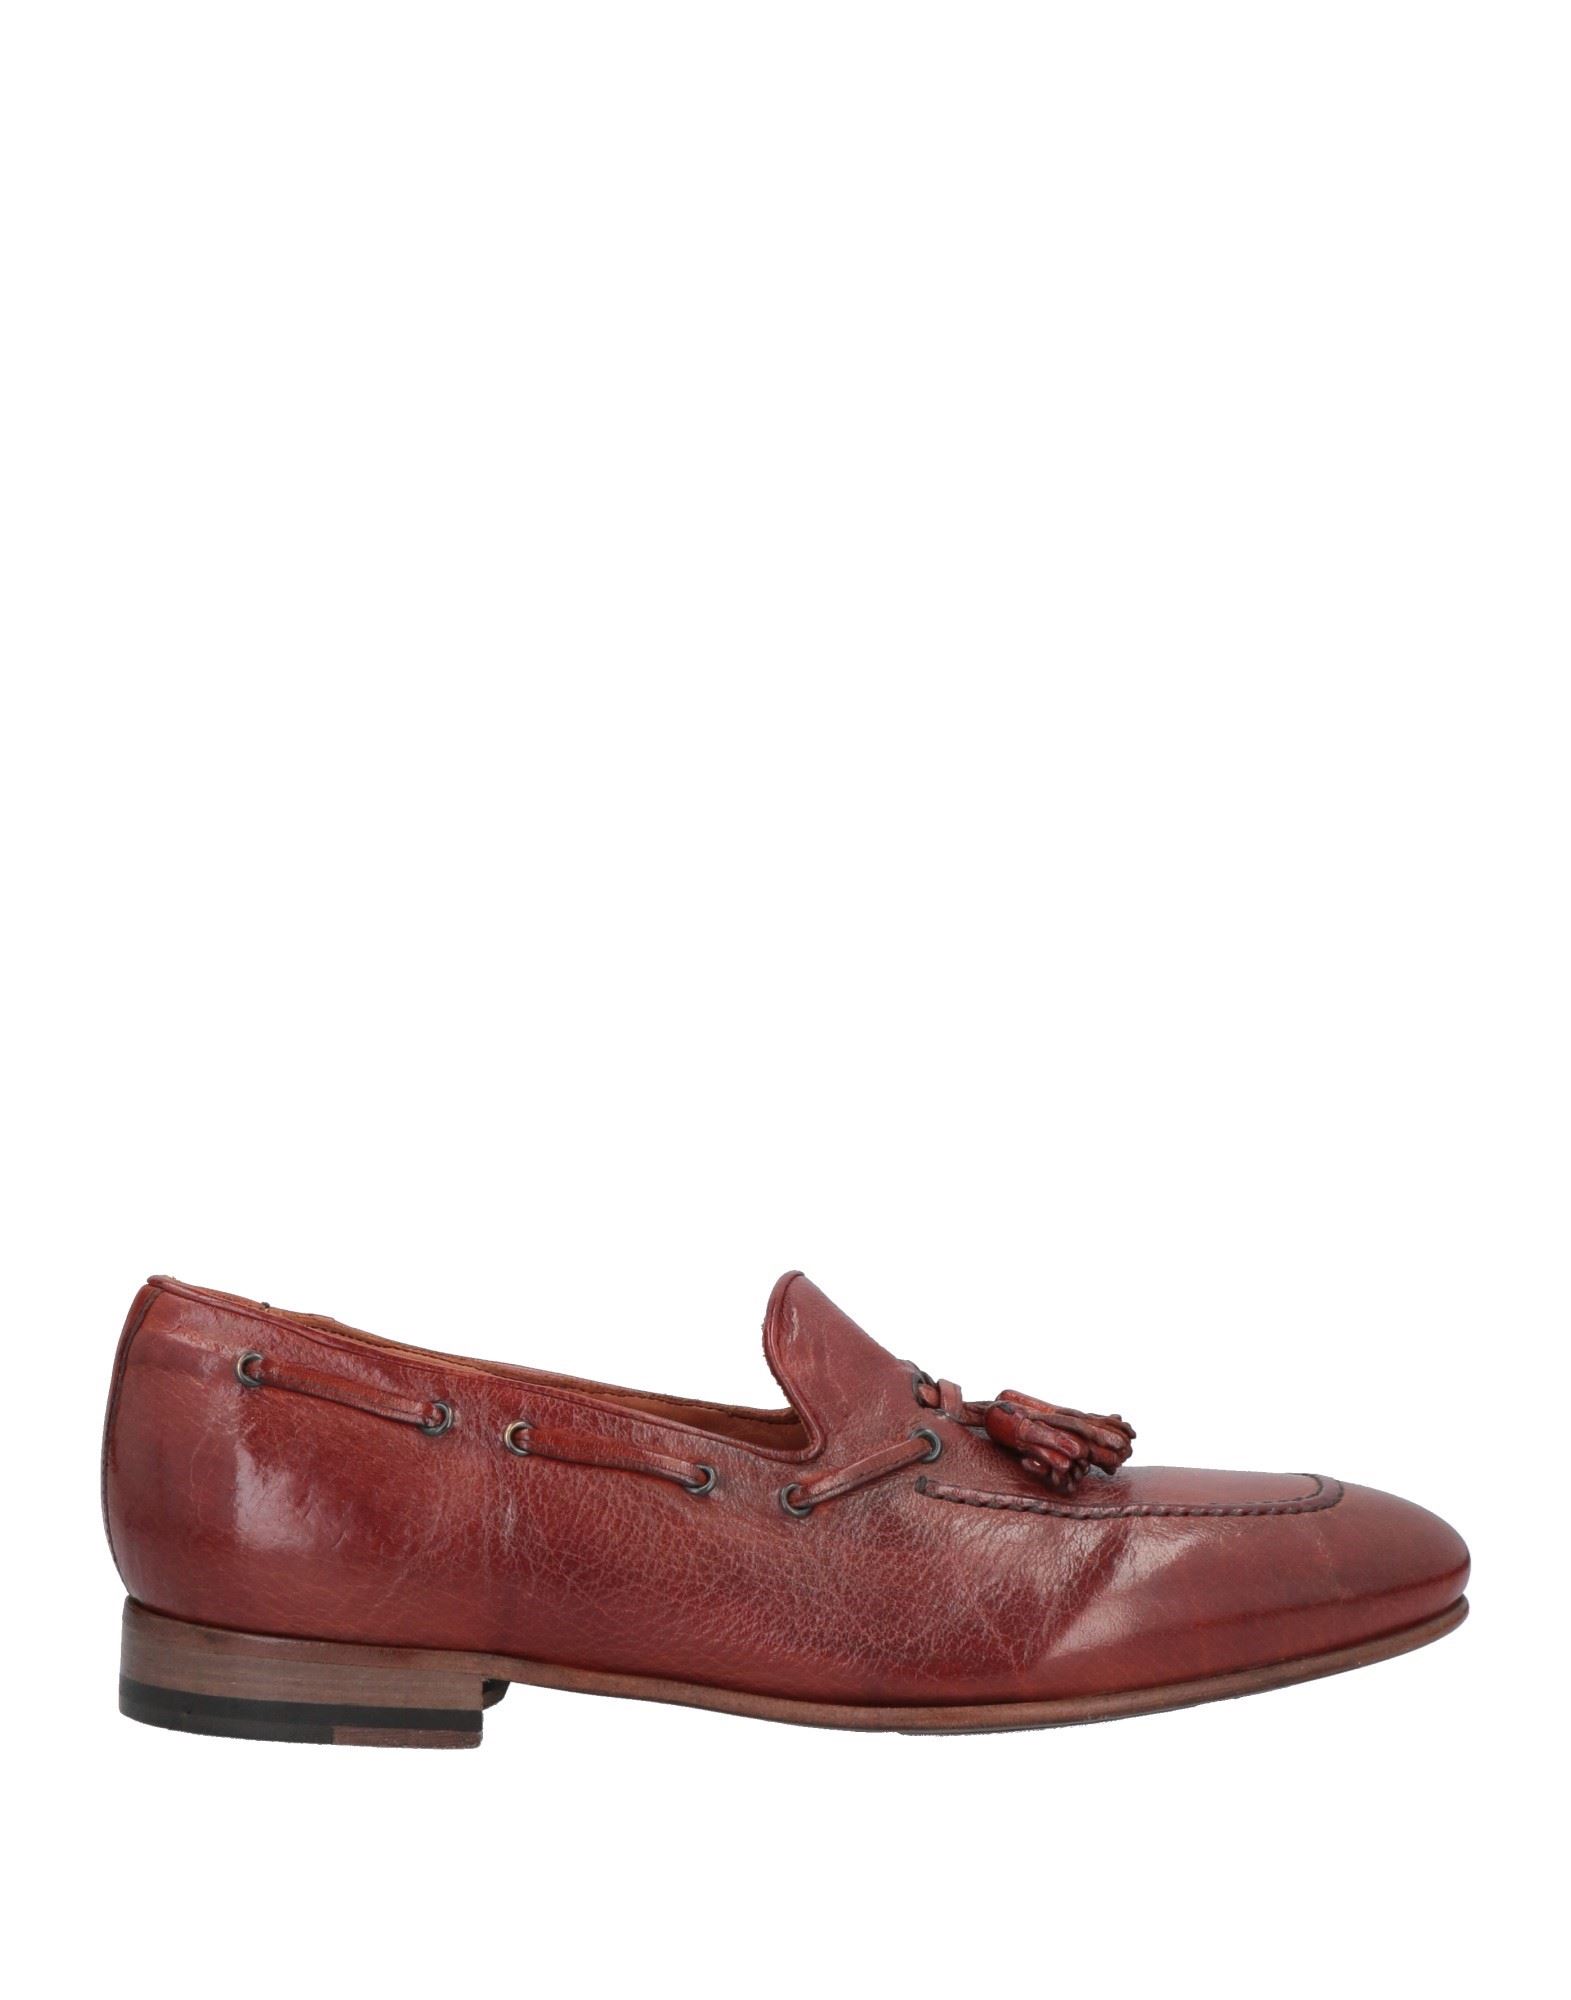 STURLINI Shoes for Men | ModeSens
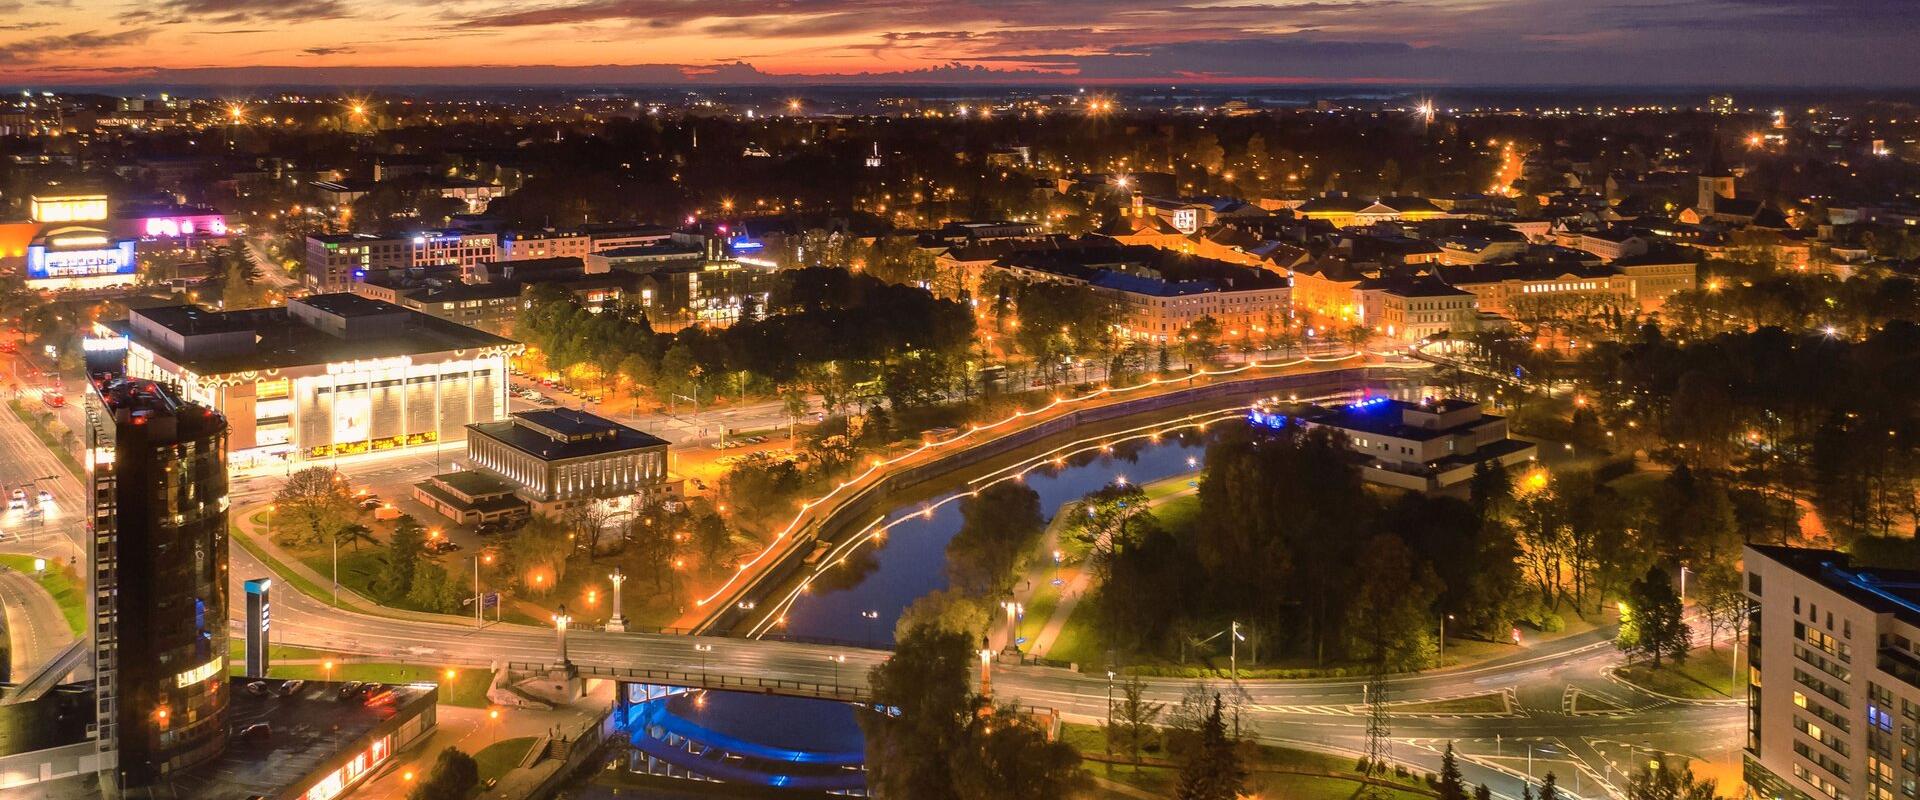 Ülejõe Promenade and Tartu in the evening
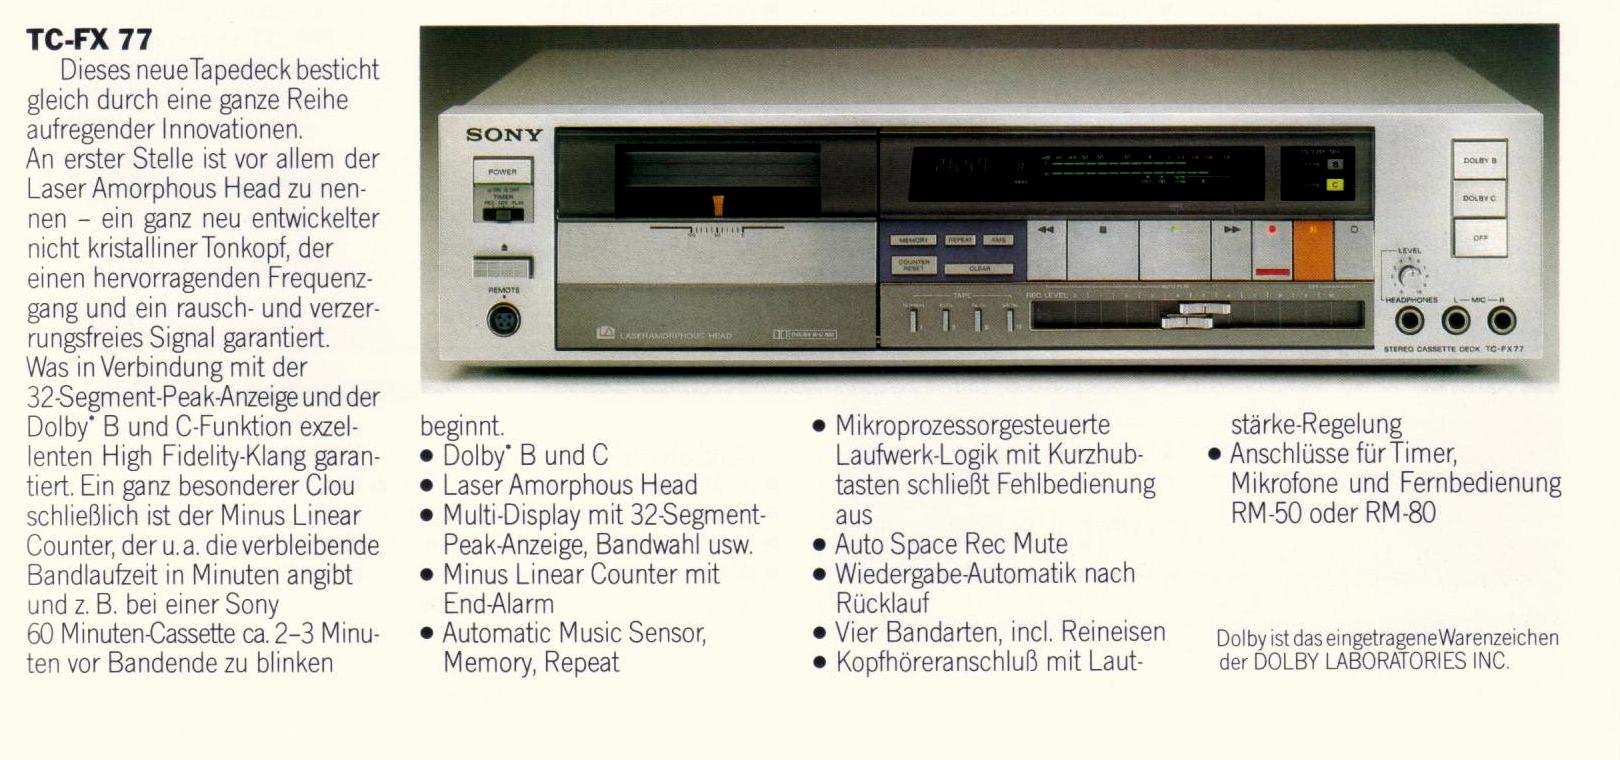 Sony TC-FX 77-Prospekt-1982.jpg
====
## Your goal:
Return the material in full and unaltered, minus its pictures.

## Exercise answer:
 STURLINI Shoes for Men | ModeSens
 Ülejõe Promenade and Tartu in the evening
 Sony TC-FX 77-Prospekt-1982.jpg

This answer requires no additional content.